I launch a test SW app
$ bin/spark-submit \
--master k8s://$KUBERNETES_ENDPOINT \
--deploy-mode cluster \
--class ai.h2o.sparkling.InitTest \
--conf spark.scheduler.minRegisteredResourcesRatio=1 \
--conf spark.kubernetes.container.image=h2oai/sparkling-water-scala:3.32.0.2-1-2.4 \
--conf spark.executor.instances=3 \
local:///opt/sparkling-water/tests/initTest.jar
It seems that the UI Flow is running correctly as I can access it after doing
$ kubectl port-forward ai-h2o-sparkling-inittest-1606331533023-driver 54322:54322
When looking at the logs of the created SparklingWater pod I see the following
$ kubectl logs ai-h2o-sparkling-inittest-1606331533023-driver
20/11/25 19:14:14 INFO SignalUtils: Registered signal handler for INT
20/11/25 19:14:22 INFO Server: jetty-9.4.z-SNAPSHOT; built: 2018-06-05T18:24:03.829Z; git: d5fc0523cfa96bfebfbda19606cad384d772f04c; jvm 1.8.0_275-b01
20/11/25 19:14:23 INFO ContextHandler: Started a.h.o.e.j.s.ServletContextHandler@5af7a7{/,null,AVAILABLE}
20/11/25 19:14:23 INFO AbstractConnector: Started ServerConnector@63f4e498{HTTP/1.1,[http/1.1]}{0.0.0.0:54321}
20/11/25 19:14:23 INFO Server: Started @90939ms
20/11/25 19:14:23 INFO RestApiUtils: H2O node http://10.244.1.4:54321/3/Cloud successfully responded for the GET.
20/11/25 19:14:23 INFO H2OContext: Sparkling Water 3.32.0.2-1-2.4 started, status of context:
Sparkling Water Context:
* Sparkling Water Version: 3.32.0.2-1-2.4
* H2O name: root
* cluster size: 2
* list of used nodes:
(executorId, host, port)
------------------------
(0,10.244.1.4,54321)
(1,10.244.0.10,54321)
------------------------
Open H2O Flow in browser: http://ai-h2o-sparkling-inittest-1606331533023-driver-svc.default.svc:54321 (CMD + click in Mac OSX)
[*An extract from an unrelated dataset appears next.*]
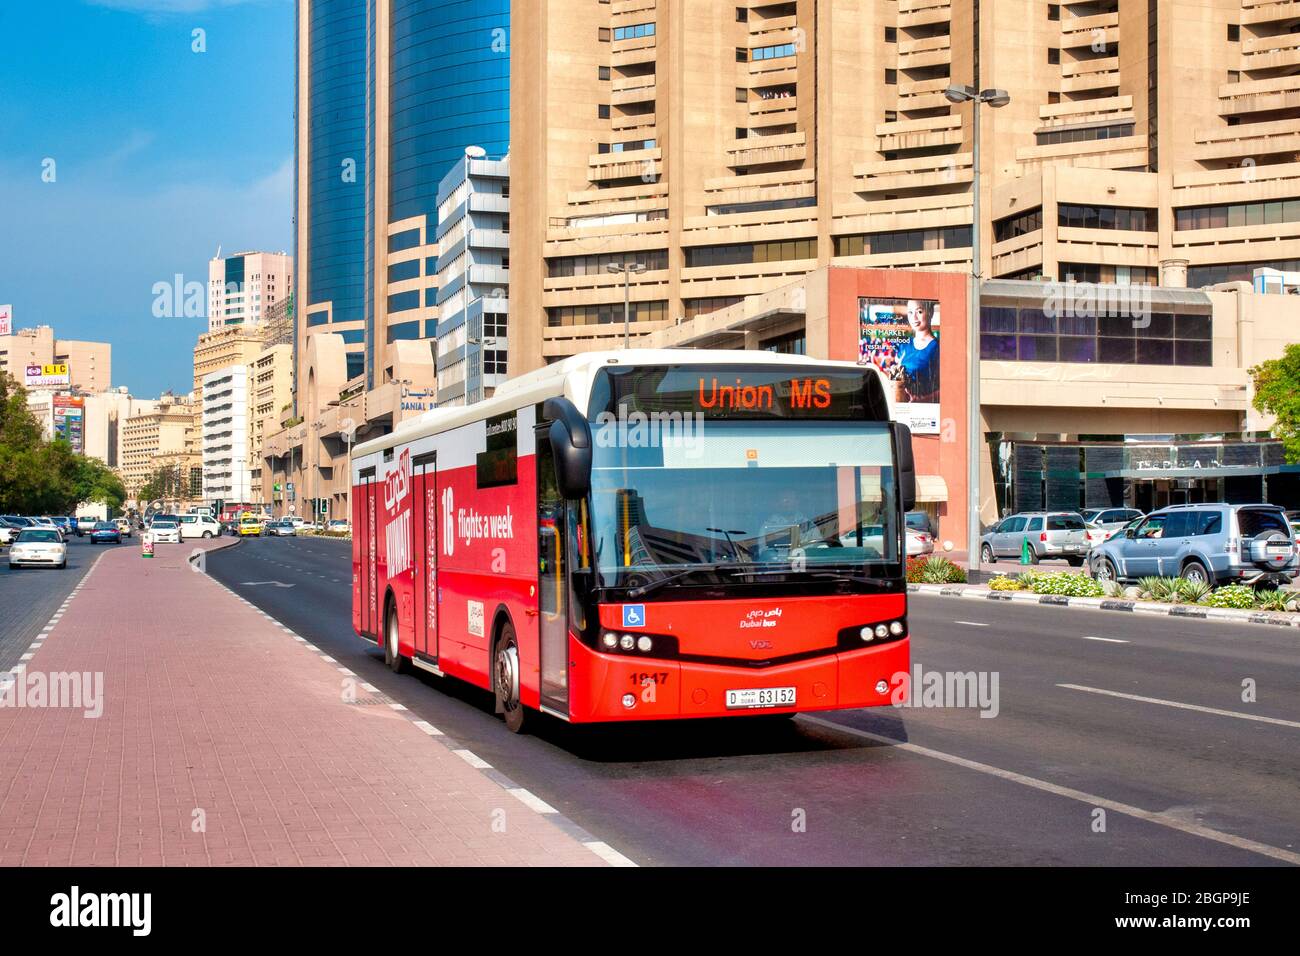 Public transport bus in Dubai, UAE Stock Photo
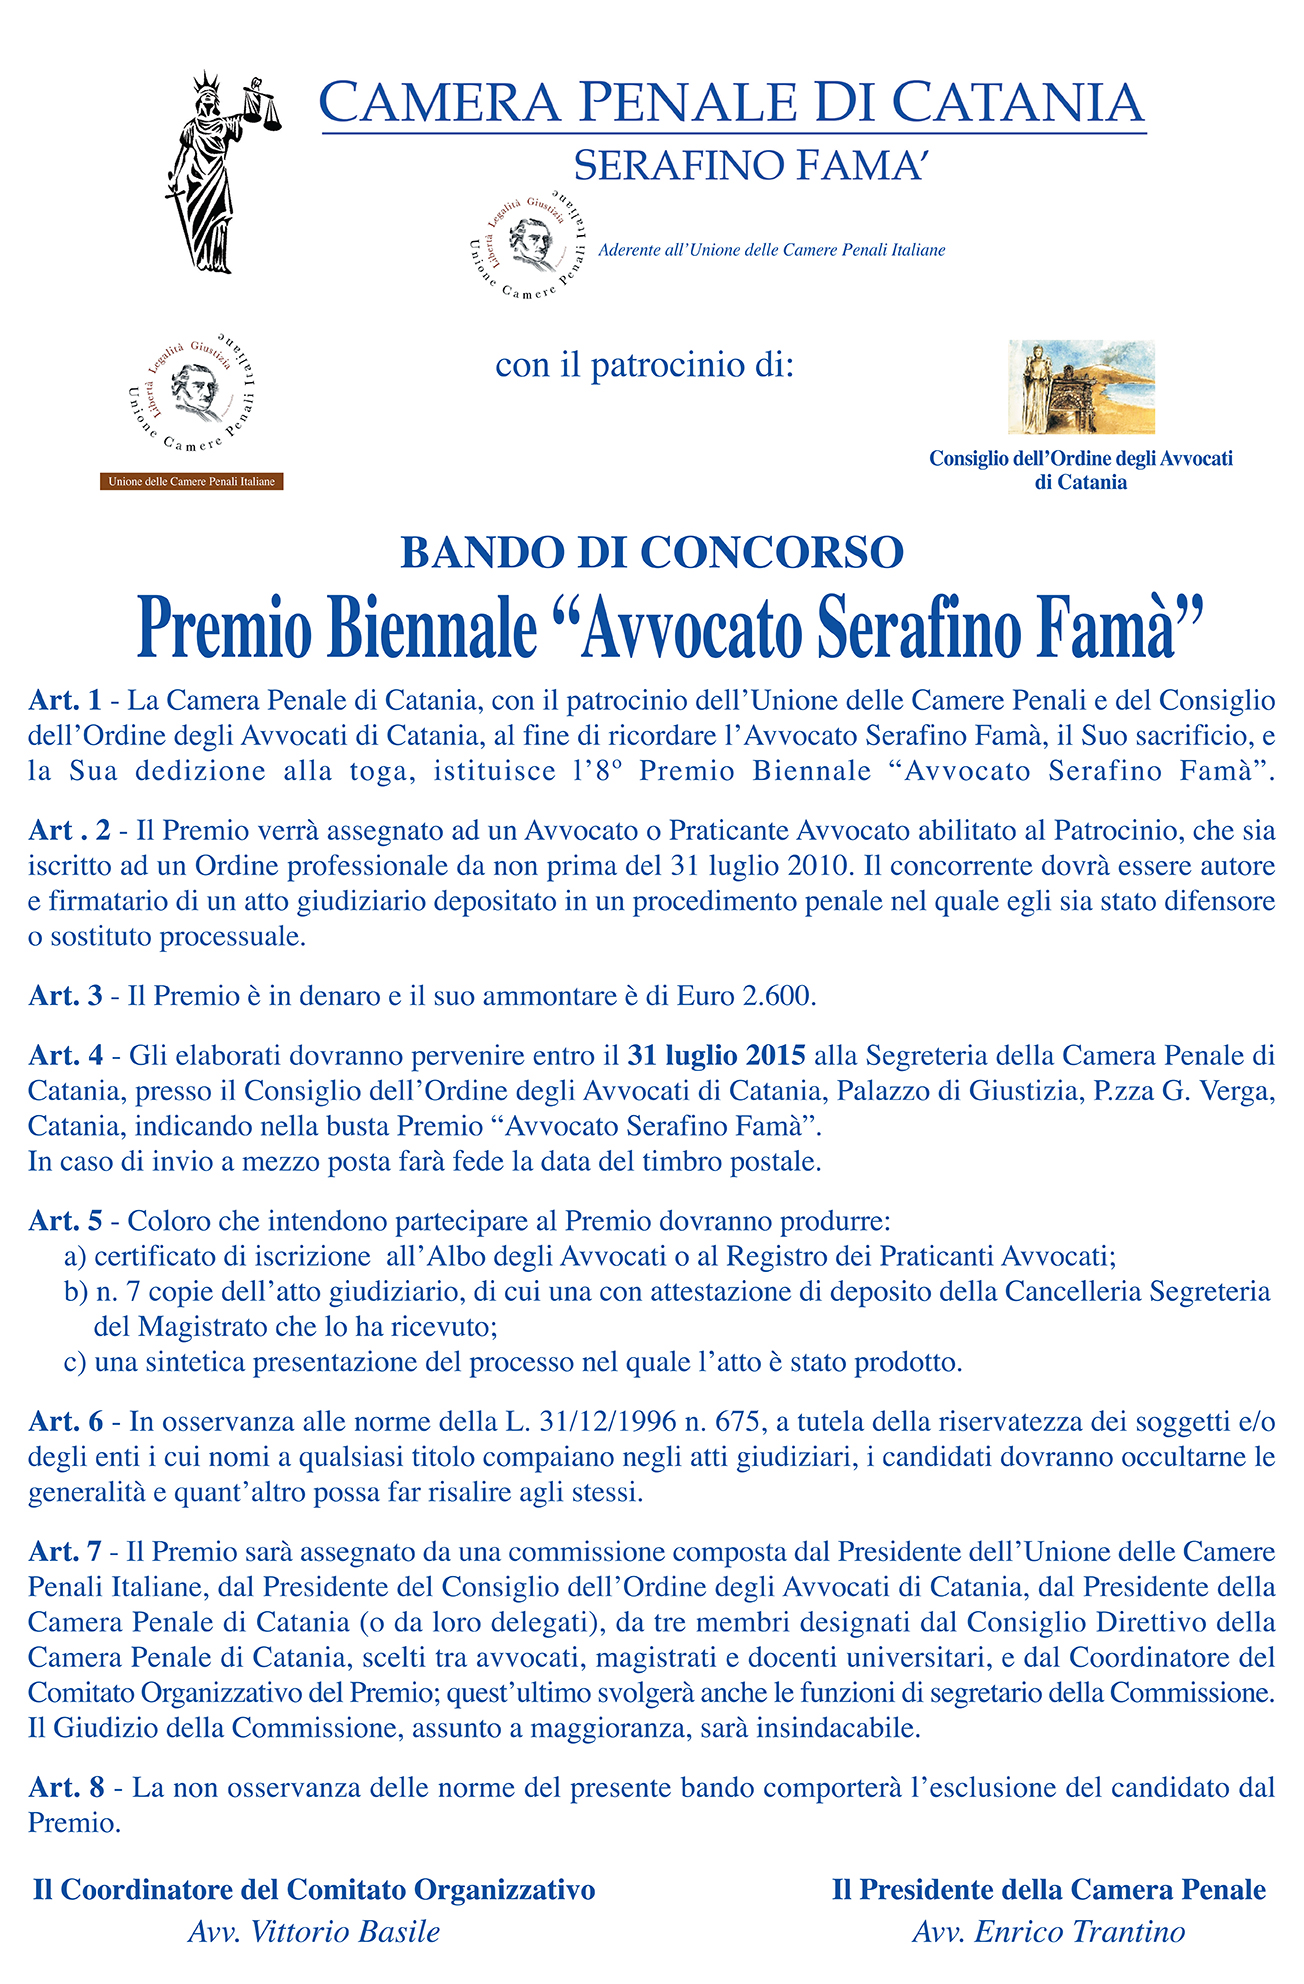 Bando di concorso al Premio biennale 'Avvocato Serafino Famà'.

Exception in thread "main" java.lang.RuntimeException: H2O cluster should be of size 3 but is 2
at ai.h2o.sparkling.InitTest$.main(InitTest.scala:34)
at ai.h2o.sparkling.InitTest.main(InitTest.scala)
at sun.reflect.NativeMethodAccessorImpl.invoke0(Native Method)
at sun.reflect.NativeMethodAccessorImpl.invoke(NativeMethodAccessorImpl.java:62)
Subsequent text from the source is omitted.